The Columbian College of Arts and Sciences is looking to revise its General Course Requirements for the first time in eight years.

The school’s deans council has plans to set up subcommittees to review the college’s current GCRs and make recommendations for revision. The GCRs in the college were last reviewed about eight years ago, but no substantial changes were made. The last time siginificant changes were made was in 1988.

“This is not a quick process,” said Marguerite Barratt, dean of the Columbian College. “We need to find the key fundamentals and ask questions like ‘what does an educated person need to know?’ We might not necessarily change anything, but having the right conversations is important.”

Barratt said if anything is changed, the number of GCR’s will be decreased.

“We are definitely not going to increase them,” she said.

Executive Vice President for Academic Affairs Donald Lehman said the Columbian College may consider creating a core curriculum, where all students are required to take the same three or four classes.

Tim Little, vice president of academic affairs for the Student Association, said his organization will likely have representation on the Columbian College’s GCR review committee.
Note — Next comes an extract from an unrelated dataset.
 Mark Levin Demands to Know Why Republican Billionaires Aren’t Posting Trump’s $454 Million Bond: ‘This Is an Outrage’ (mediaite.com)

The SA will hold town halls and information sessions in order to get student input on the topic.

Students in the Columbian College must take a minimum of 17 classes in seven different areas, including math, science and humanities. Some professors call this an outdated system, with too many requirements.

“We baby students too much,” said Tyler Anbinder, chair of the history department. “It was designed for students 20 years ago. I don’t think students now need to be forced to take classes (outside their majors) anymore.”
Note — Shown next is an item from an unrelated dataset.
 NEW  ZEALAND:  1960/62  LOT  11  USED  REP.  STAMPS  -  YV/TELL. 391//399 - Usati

Anbinder said he does not want to teach students who are only in his course to fulfill the humanities requirement.

“There are students who don’t like history. I don’t want them in my class,” he said, “as much as I think all people should take history.”

Eric Cline, a member of the deans council and a professor in the classics department, said the arrival of a new dean makes this a good time to look at the GCRs.

“It seems to be an issue that is worth looking into to see if a change needs to be made at all,” he said. “We might just be creating more work for ourselves.”

Martin Zysmilich teaches chemistry courses for non-science majors. He said he is opposed to decreasing the number of science GCRs, as he said a background in science is necessary for any career.

“When some of the most important problems of our modern world are intrinsically of scientific origin, all educated citizens should have a strong science background,” he said.

David Grier, associate dean for academic programs at the Elliott School of International Affairs, said his school reviews its curriculum every five to seven years, but that they are not looking to change the required courses in the school. The school’s upper level courses are broad and encompass many disciplines, he said.

“CCAS is a different type of learning,” Grier said. “They give students breadth early, then work in the field.”

Some students in the Columbian College said the requirements should be more flexible.

“I think requiring so many GCRs is counterproductive to (the Columbian College’s goals,” said Sean Rourke, a sophomore in the Columbian College. “I feel like I get less of a range of classes and I can’t take the classes outside my major that I want to (because I need to fulfill so many requirements.”